8 thoughts on “P63 – Felfli

  1. Great job! One question I have is if you could go into more detail about your web pattern plate and how that helped you make conclusions about your phage!

    1. Thank you, Anika! Truthfully, the web pattern plate is more of a tool for creating an high titer lysate of our phage, which is useful to have when doing experiments like DNA isolation for PCR, restriction digests, and sending out samples for sequencing. The web pattern helps us to determine that we have a high enough concentration of phage on the plate that an HTL (high titer lysate) can be formed using that plate, since the web pattern appears due to so much of the bacterial lawn being replaced by plaques.

  2. Hi Ms. Felfli,

    Great presentation! I did want to ask about the method of collection and maturation of your phage. Where did they come from and how did you isolate your phage?

    1. Thank you, Nathan! Gobe was isolated from a soil sample we collected here in Boulder! The soil itself came from the garden soil of a family friend. To actually isolate our phage, we first enriched our soil samples with lsyogeny broth (LB) media and M. smeg and incubating before plating the solution on an M.smeg bacterial lawn in a plaque assay. In this environment, phages could grow, and we as the experimenters could easily identify this by finding plaques formed on the plate. We then completed a serious of dilutions from these assays to eventually isolate one phage from the many that formed in the original enrichment plate, which we could recognize by a unique, uniform plaque morphology.

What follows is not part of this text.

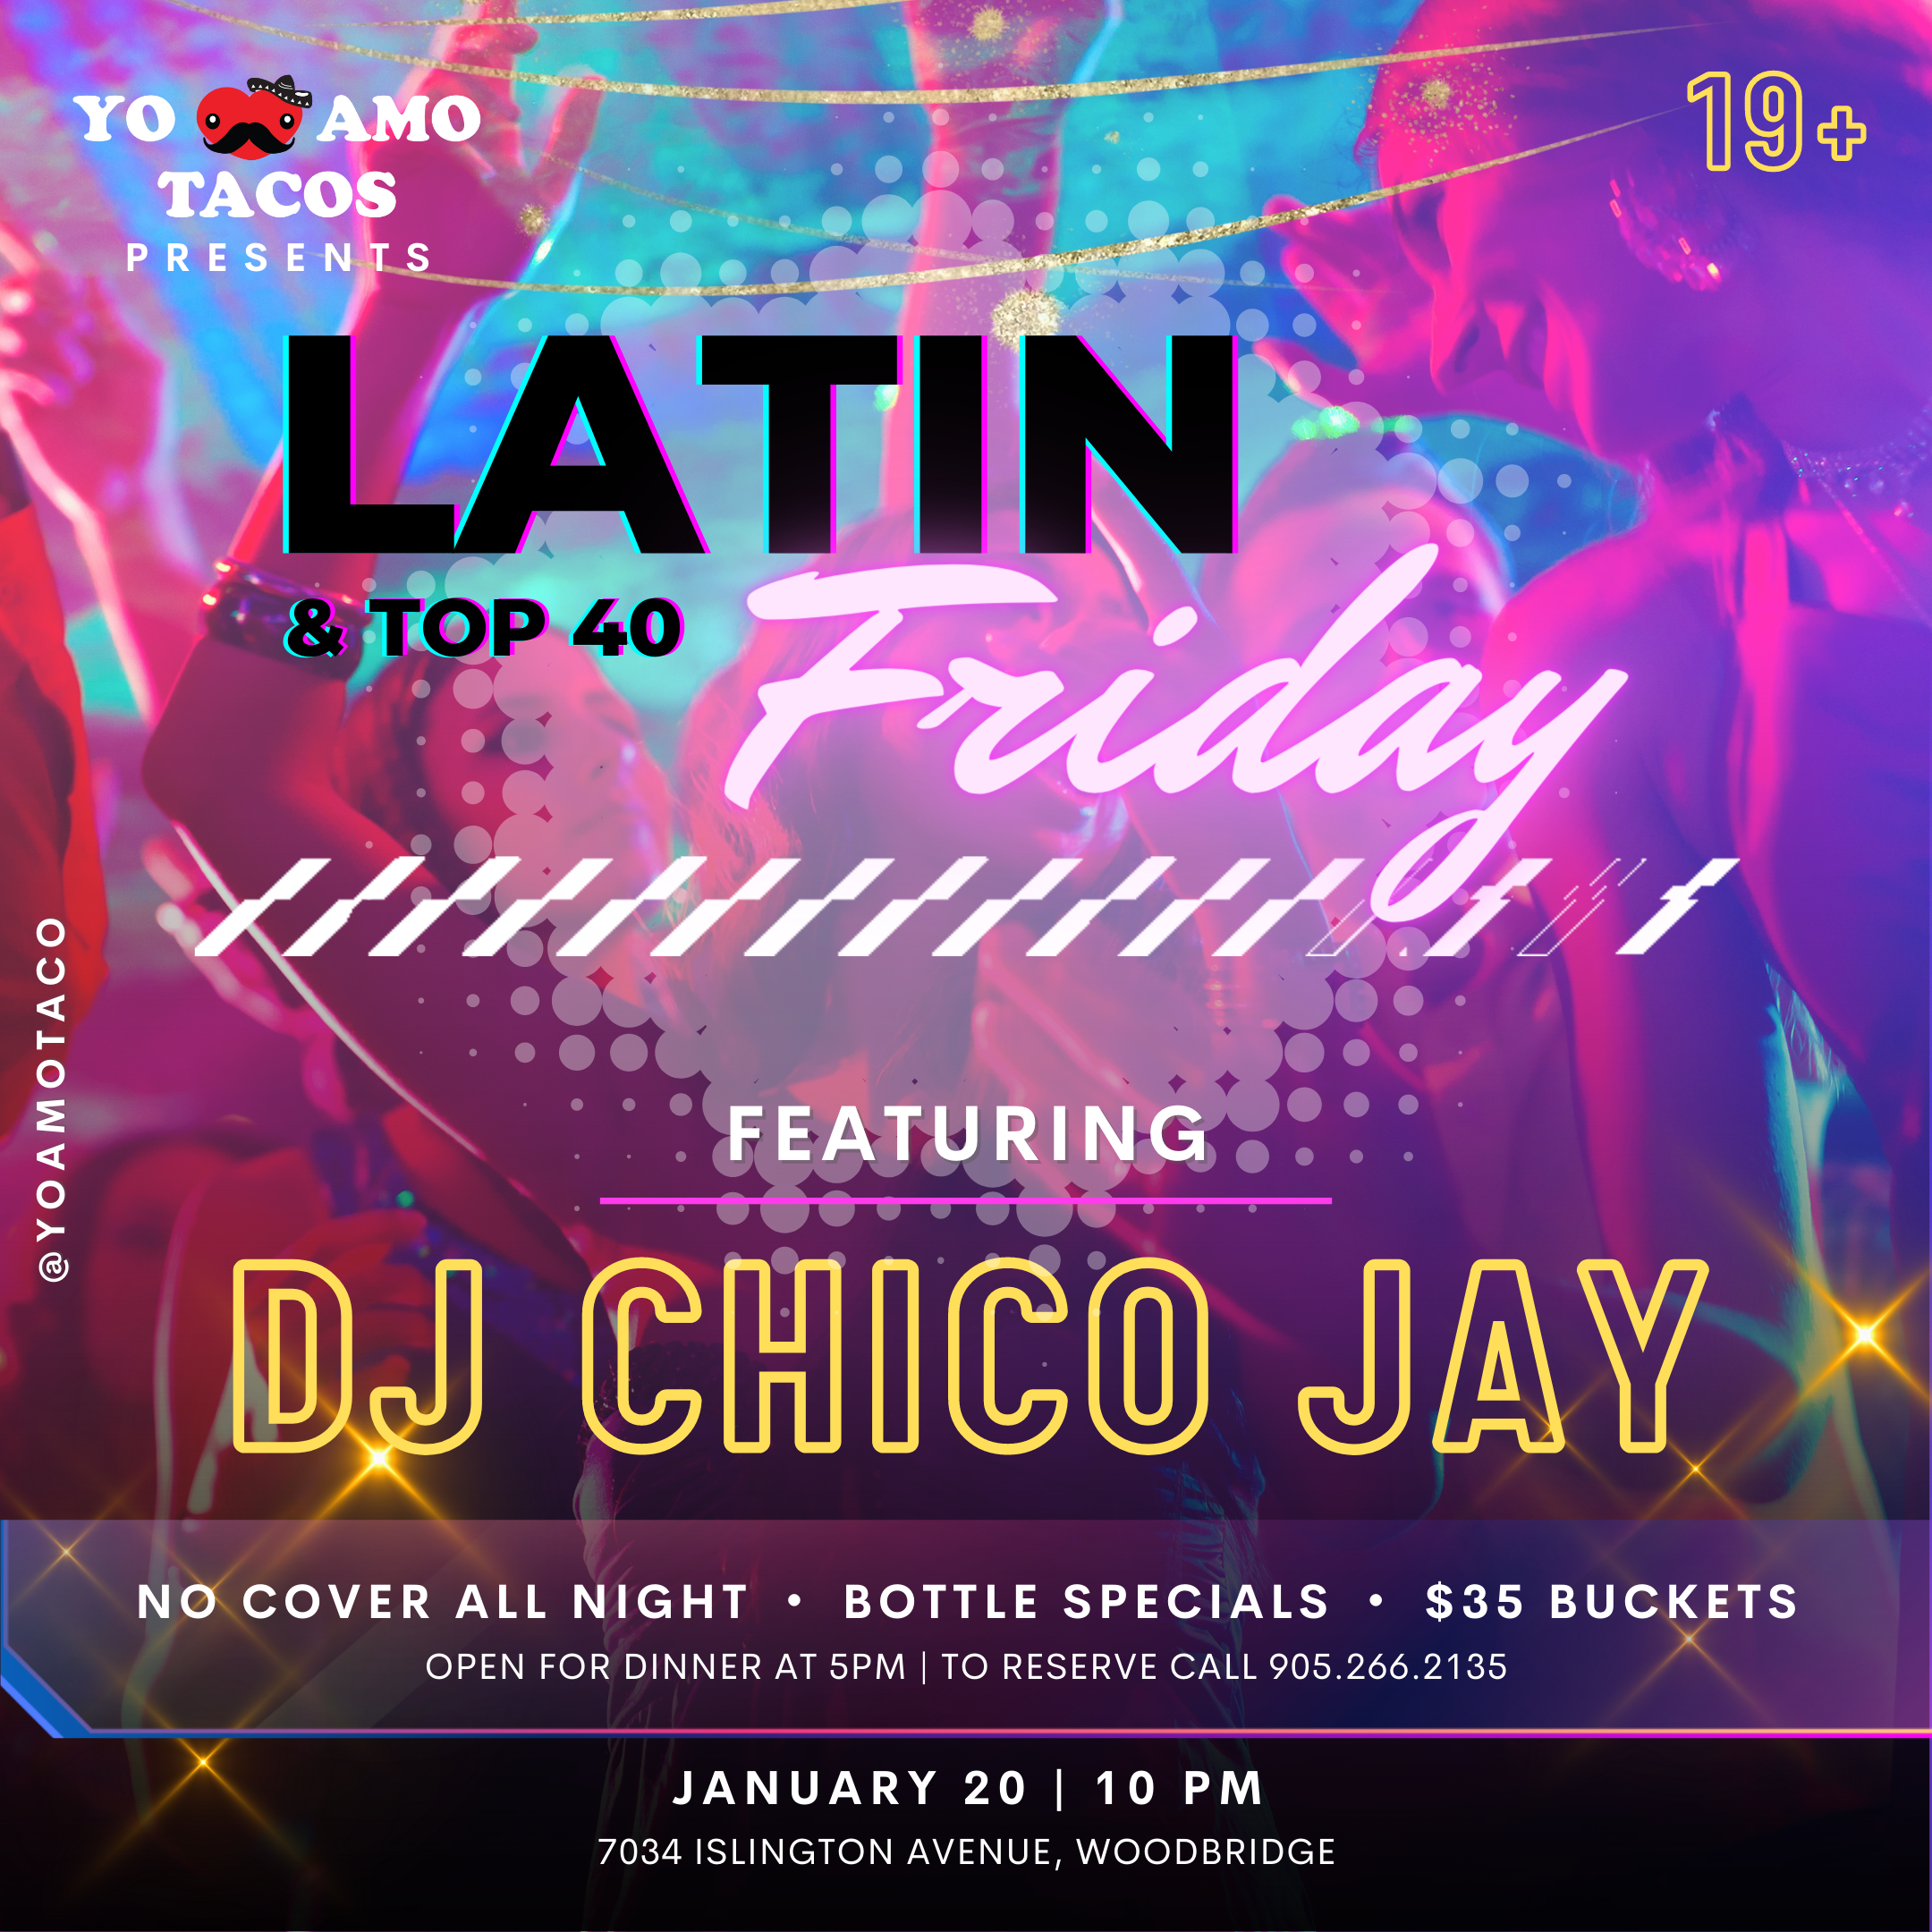 Latin & Top 40 Friday

  3. What is the relevance of the siphoviridae morphology in terms of its ability to infect bacteria?

    1. Hi, Emily! That’s a really good question! Currently, I’m not entirely sure how the morphology would impact a phage’s ability to infect its host bacterium, however, I would assume it may play a role in how easily DNA is transferred from the phage into the host cell, since one of the most distinctive differences between the various morphotypes has to do with the presence of contractile/non-contractile tails– the non-contractile tails being unique to siphoviridea. That’s a really good question to look into!

    1. Thank you, McKenzie! The cloudy halo form of the plaques is formed because our phage is temperate, meaning that it goes through both the lytic and the lysogenic lifecycle. Because of this, the cloudiness is caused by the fact that only some of the bacterial lawn was killed by the phage undergoing the lytic cycle and the rest remained intact as lysogens with prophages incorporated in their chromosomes. If Gobe had been a purely lytic phage, then the plaques would be completely clear, since every bacterium would be killed in the lawn.